The 38-year-old mother died of complications from surgery last month leaving her husband Richard “Richie” and their three young children – Sami, 3, and twins Abbigail and Gabriel who are turning 2 this month.

Family and friends have been trying to help the family cope not only with grief but with immediate basic necessities in life, which is where the Main St. Café comes in. When Richie’s aunt, NaNa Gale Manding from Tucson, Ariz., started a clothes donation for the children, Jakkie Arellano stepped forward and generously offered her restaurant as a drop-off place. The restaurant is located at 1464 W. Yosemite Avenue across the street from the Save Mart shopping center.

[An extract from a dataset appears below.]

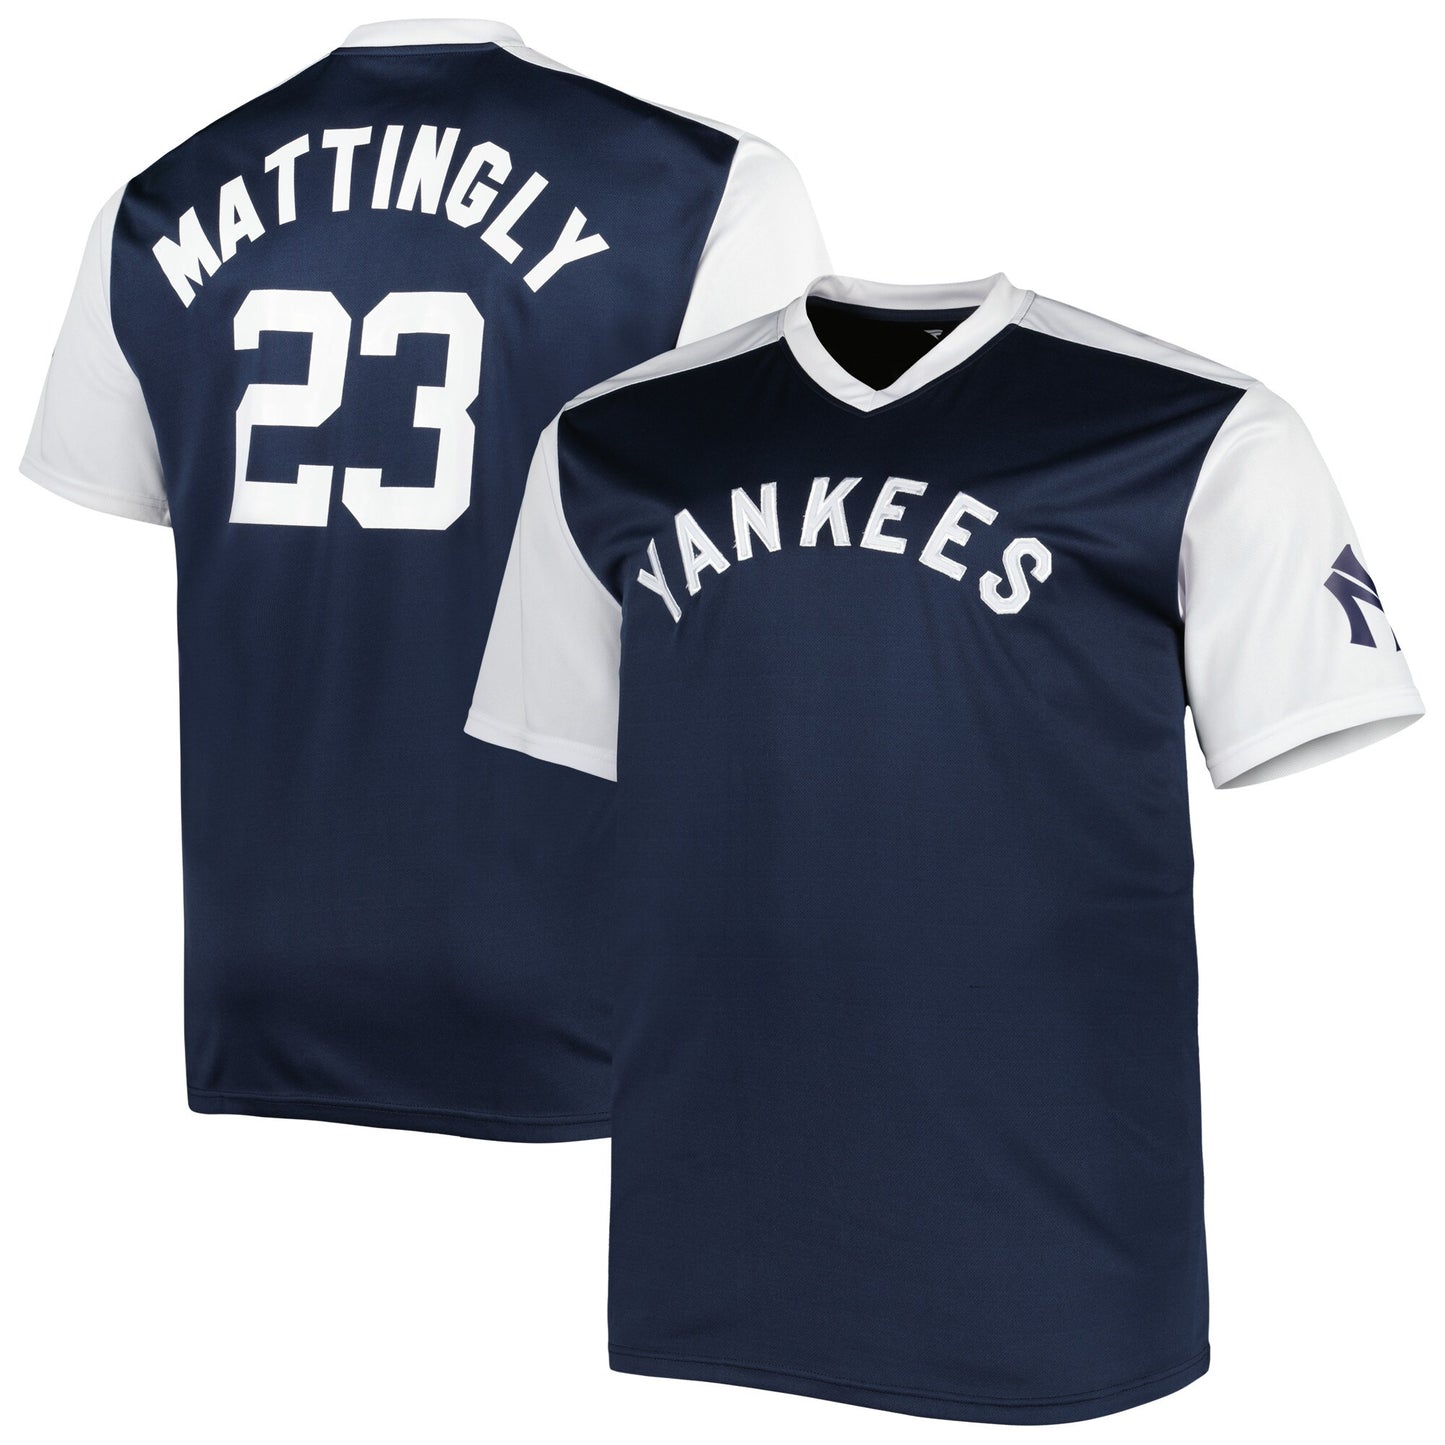 Don Mattingly New York Yankees Cooperstown Collection Replica Player Jersey - Navy/White

In addition to children’s clothing, they are looking for diapers, pull-ups, diaper wipes, baby powder and food such as milk for the babies. Three-year-old Sami is almost potty-trained and uses Huggies size 5T pull-ups. The barely 2-year-old twins use size 5 Huggies diapers.

Helping the young father in taking care of the children are their grandmother, Junie Manding, and Richie’s sister Michelle Guillermo-Gines.

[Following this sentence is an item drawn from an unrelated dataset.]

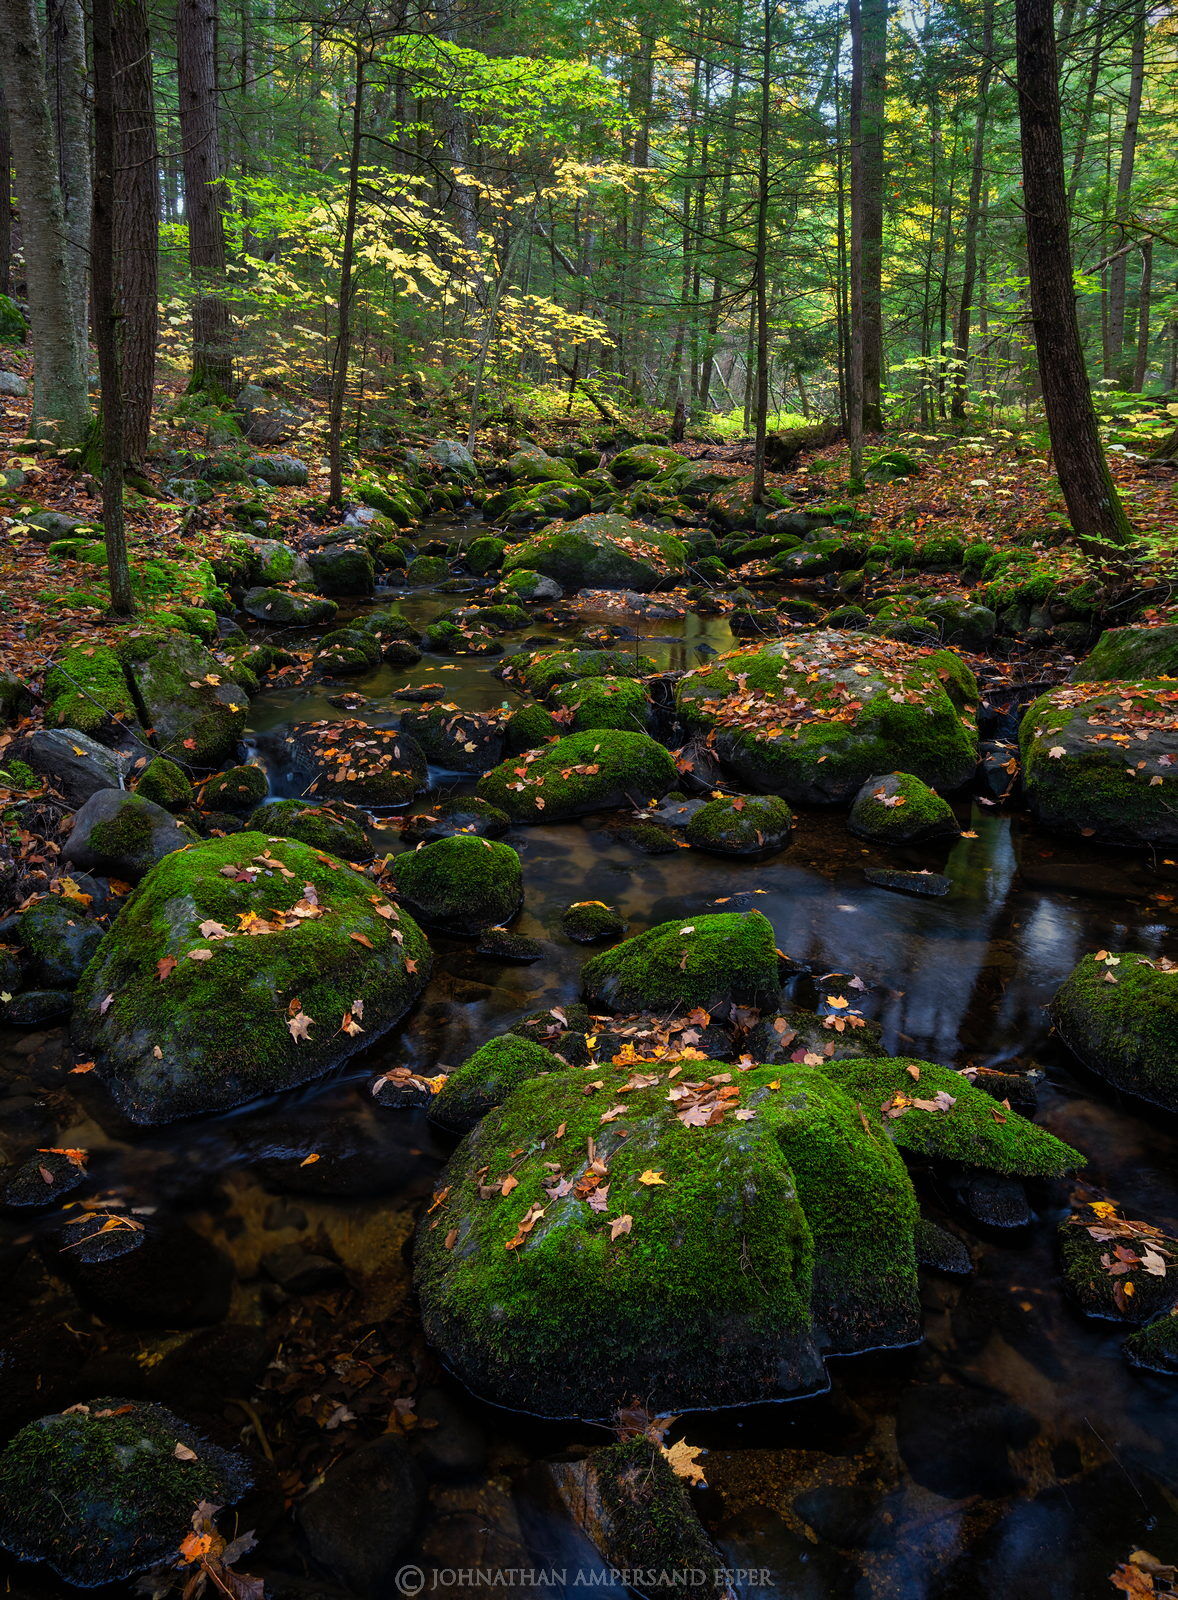 Spectacle Pond Outlet,stream,Shanty Bottom Brook,fall,2020,Spectacle Pond trail,mossy,mossy boulders,green boulders,moss

The young widower was laid off two years ago from his job as a plumber. During his lengthy futile search for a job, his wife was able to find a job as a waitress in Stockton which reversed their roles, with the husband and father a stay-at-home Mr. Mom while the children’s mom was at work. Compounding the situation though for the young father and his three young children was the loss of their only means of transportation. A week before Michelle had surgery, the transmission of their van went kaput. Fund-raisers such as a drive-thru barbecued tri-tip and pesto dinner at Fagundes Meats on Thursday, Oct. 21, from 4 to 7 is hoped to raise money to fix the van.

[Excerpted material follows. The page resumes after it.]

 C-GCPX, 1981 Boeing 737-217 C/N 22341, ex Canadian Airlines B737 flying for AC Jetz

Tickets for the barbecued dinner with all the trimmings are $12 each and are available at Fagundes Meats, Main St. Café, J&J Printing which donated the tickets, and from friends and family members like Brian Corcoran who is coordinating this fund-raiser.

The death of the three young children’s mother was the fourth tragic loss for the extended Guillermo family in just the past year. In January, the Guillermo’s Grandmama, Peggy Manding, with whom Richard and Michelle had a special bond passed away.

“She was the rock of our family,” Junie Manding, Richie’s mother, said of Grandmama Peggy.

Also earlier this year, the extended family suffered another loss with the death of Richie’s cousin, Jowell Griggs.

Arellano of Main St. Café, who is also related to the four-generation Guillermo family in Manteca, said there hasn’t been a huge response so far to the clothing donation for the young children. Donations can be dropped off at the restaurant during regular business hours: Monday to Friday from 6 a.m. to 4 p.m., and Saturdays from 8 a.m. to 2 p.m. The restaurant is closed on Sundays.